Data integration SaaS Scale-up

Data Mapping

Addressing the users' most critical pain point in a highly technical domain.

My Role: Sr. Product Designer
Timeline: 4 months
Product: SaaS Data Platform for Adverity
Deliverables: User Research, Wireframes, Interactive Prototypes, High Fidelity Mockups

Overview

Adverity's data integration platform helps marketing teams connect, transform, and visualize data from hundreds of sources. Data mapping (the process of defining how raw fields from a source translate into a unified schema) is the most powerful yet most complex feature in the product. This project set out to make it accessible without sacrificing flexibility.

Problem

Users consistently ranked data mapping as their top frustration. The existing interface required knowledge of SQL-like syntax, offered no visual feedback on transformations, and provided cryptic error messages when mappings failed. As a result, most users relied on support tickets or internal data engineers to configure even basic mappings, creating a bottleneck that slowed down time-to-value for new clients.

Process

We started by analyzing over 200 support tickets and conducting 12 user interviews across different skill levels, from marketing analysts to data engineers. This surfaced a clear gap: power users needed expression-level control, while most users just needed to connect fields visually. We explored multiple interaction paradigms (drag-and-drop canvas, guided wizard, and hybrid approaches), testing each with real mapping scenarios before converging on a solution.

Solution

The redesigned mapping interface introduces a visual canvas where users connect source fields to destination fields through direct manipulation. Smart suggestions auto-match fields by name and type, while a live data preview shows the transformation result in real time.

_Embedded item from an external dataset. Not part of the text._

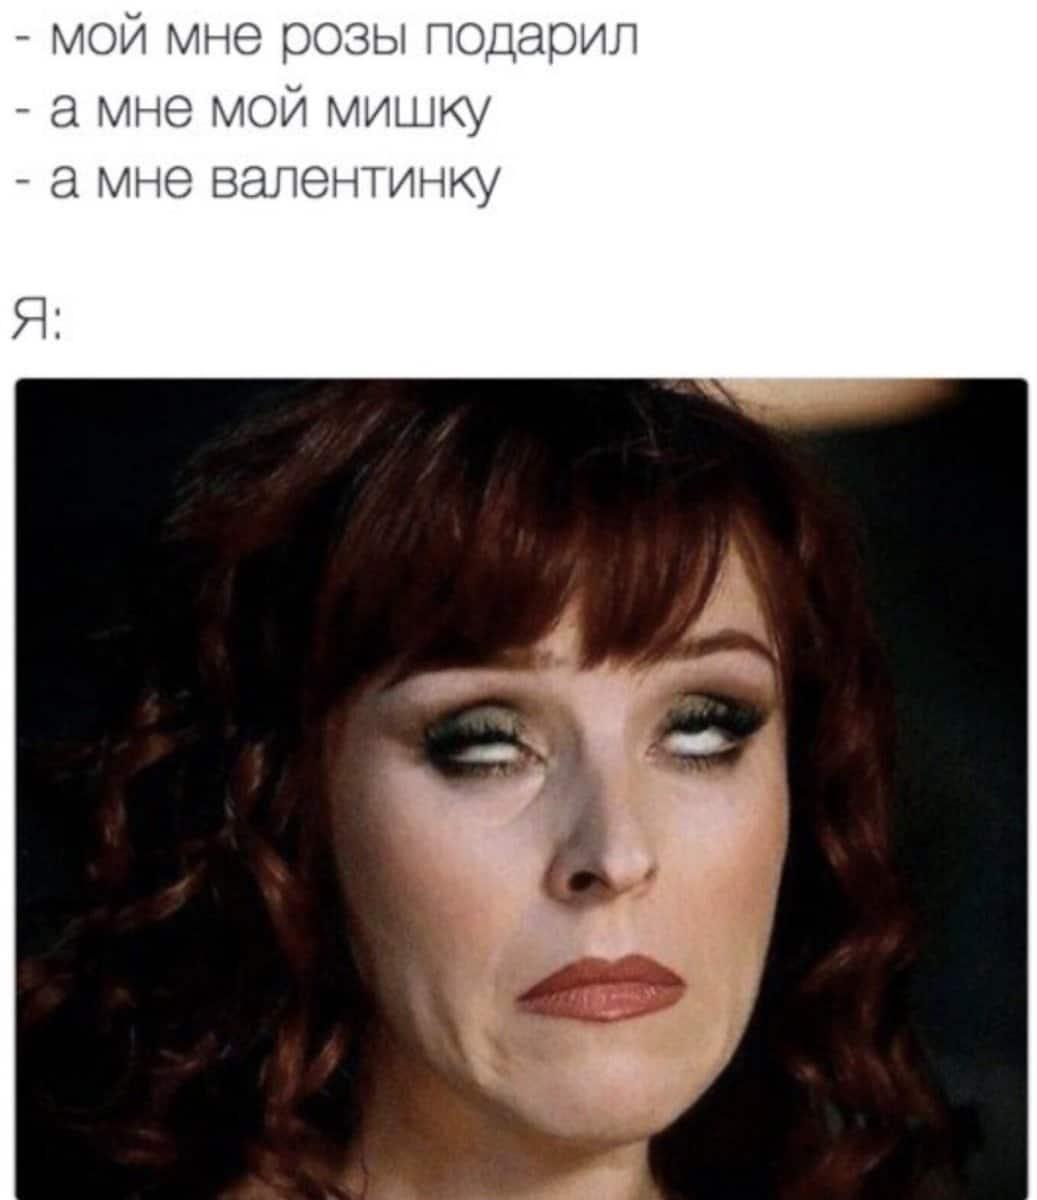 женщина закатывает глаза мем

For advanced users, an expression editor is always one click away, but it's no longer the default entry point. Inline validation catches errors before execution and explains issues in plain language.

Results

After launch, mapping-related support tickets dropped significantly and self-service mapping completion rates increased across all user segments. New clients reached their first successful data integration faster, and the feature became a key selling point in product demos. The visual canvas was later extended to other transformation features in the platform.